Итак, с некоторой застенчивостью (ибо Хэмпи была остра на язык и всегда видела в своей госпоже юную и глупую нарушительницу порядков) дама Календула сообщила няне, что Ранульф ее беспокоит. Хэмпи бросила на нее резкий взгляд сквозь очки и, оттопырив губу, сухо произнесла:
— Долго же вам пришлось, мэм, потрудиться, чтобы заметить это.
Однако когда Календула попыталась выяснить у няни, что та думает по поводу происходящего, Хэмпи лишь загадочно покачала головой и пробормотала, что, мол, снявши голову, по волосам не плачут, чем меньше говорить, тем больше пользы для дела.
Когда же вконец озадаченная Календула поднялась, чтобы уйти, старуха пронзительным голосом воскликнула:
— Только, мэм, запомните — ни слова об этом господину! Он не любит волноваться. Точь-в-точь как его отец. Моя старая госпожа частенько говаривала мне: «Смотри, Полли, не проговорись господину. Он терпеть не может никаких волнений». Да, все Шантеклеры на редкость чувствительны.
— А вот у Виталиев буйволиная шкура, — неожиданно закончила она.

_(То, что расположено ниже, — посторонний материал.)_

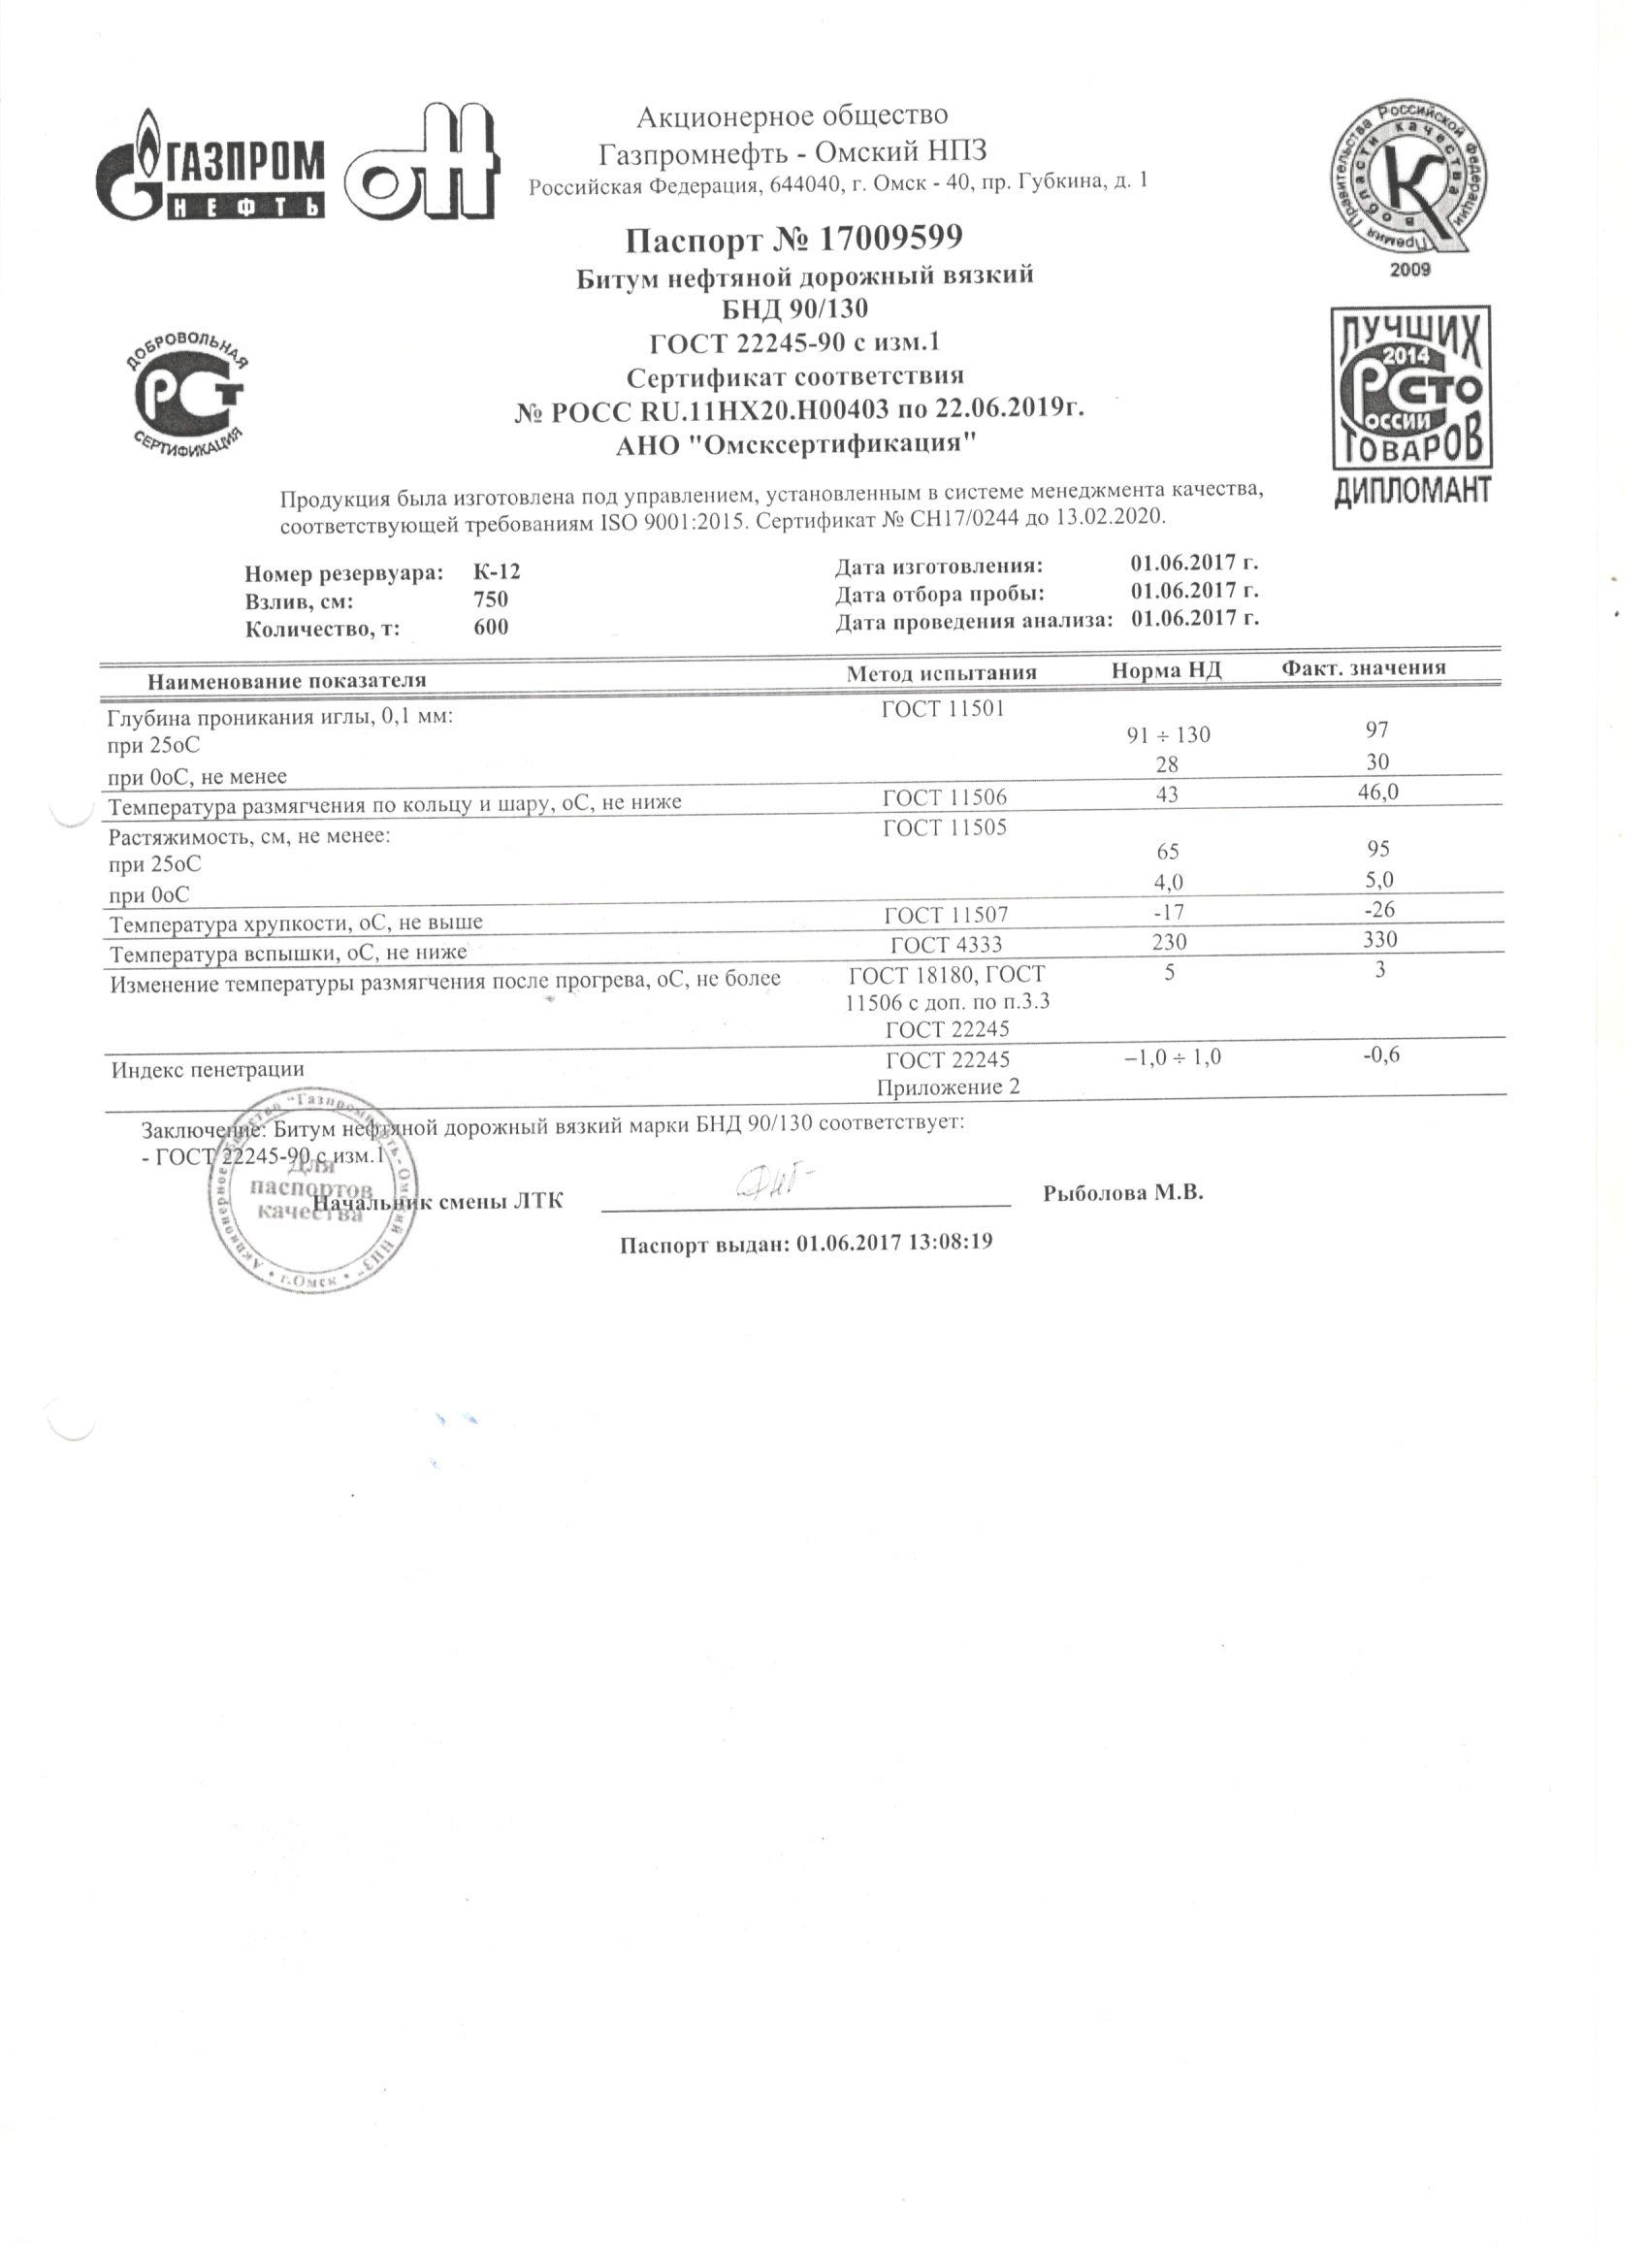 Битум нефтяной дорожный БНД 60/90 сертификат соответствия.
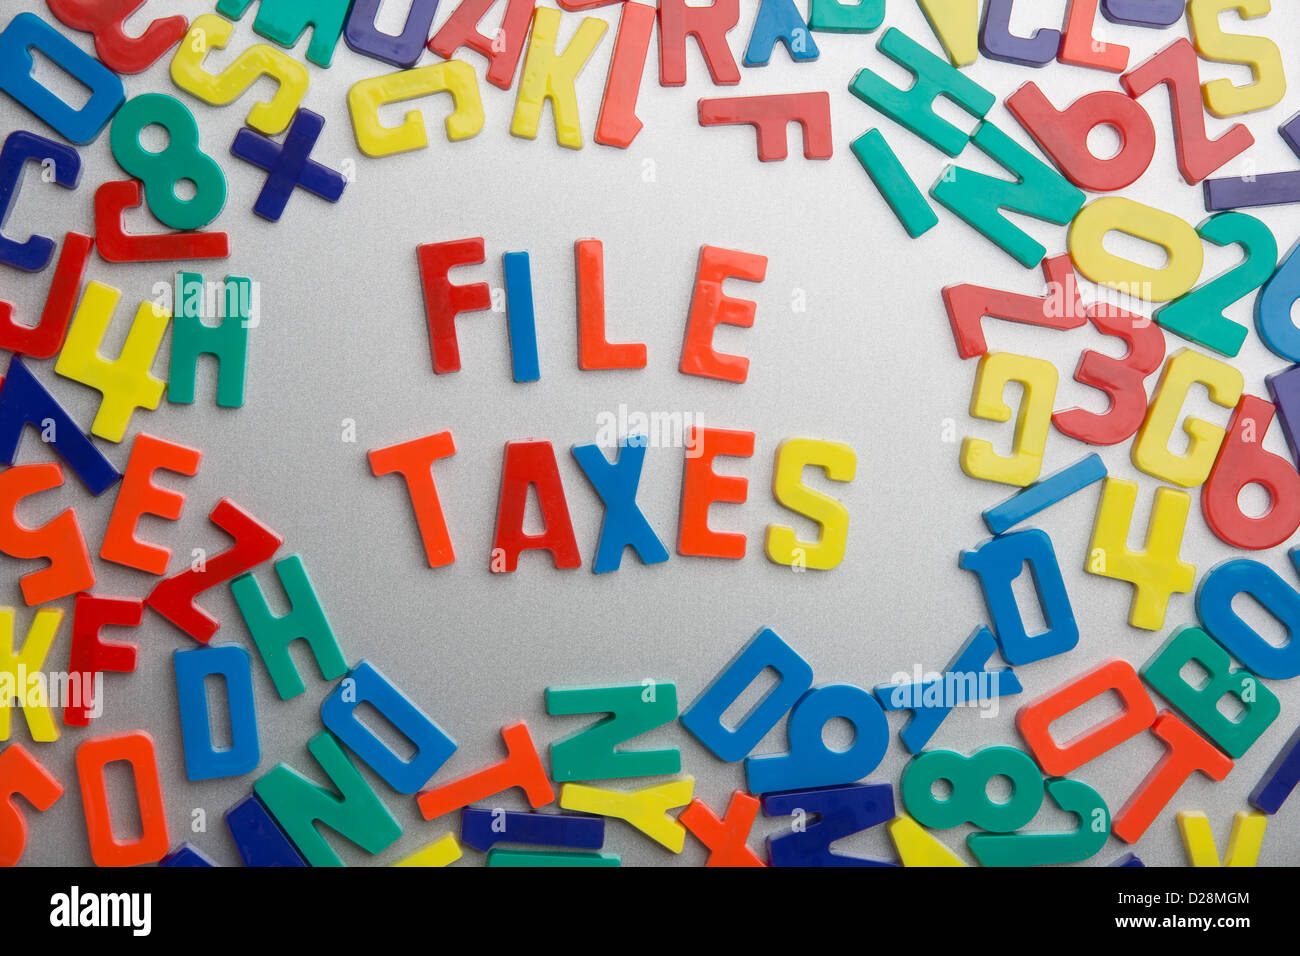 Taxes 'Fichier' - aimants pour réfrigérateur sort un message d'un fouillis de lettres Banque D'Images

Календула, однако, пока не собиралась заводить разговор на эту тему с Натаниэлем. По собственному опыту знала, что малейшее беспокойство делало его безмерно раздражительным, была ли тому причиной особая чувствительность Шантеклеров или какая другая.
Сам же господин Натаниэль ничего не замечал. Большую часть времени проводил в Сенате и Счетной палате; его интерес к жизни других людей на домочадцев не распространялся.
Что касается его отношения к Ранульфу, следует откровенно признать, что господин Натаниэль видел в нем скорее семейную реликвию, чем сына. На деле он бессознательно помещал его в ту же самую категорию, что и хрустальный кубок, с помощью которого отец герцога Обри окрестил первый построенный Шантеклерами корабль, или меч, которым другой его предок помогал сбросить герцога Обри с престола — предметы, на которые он глядел крайне редко и так же редко вспоминал, хотя утрата хоть одного из них повергла бы его в крайнее огорчение и даже гнев.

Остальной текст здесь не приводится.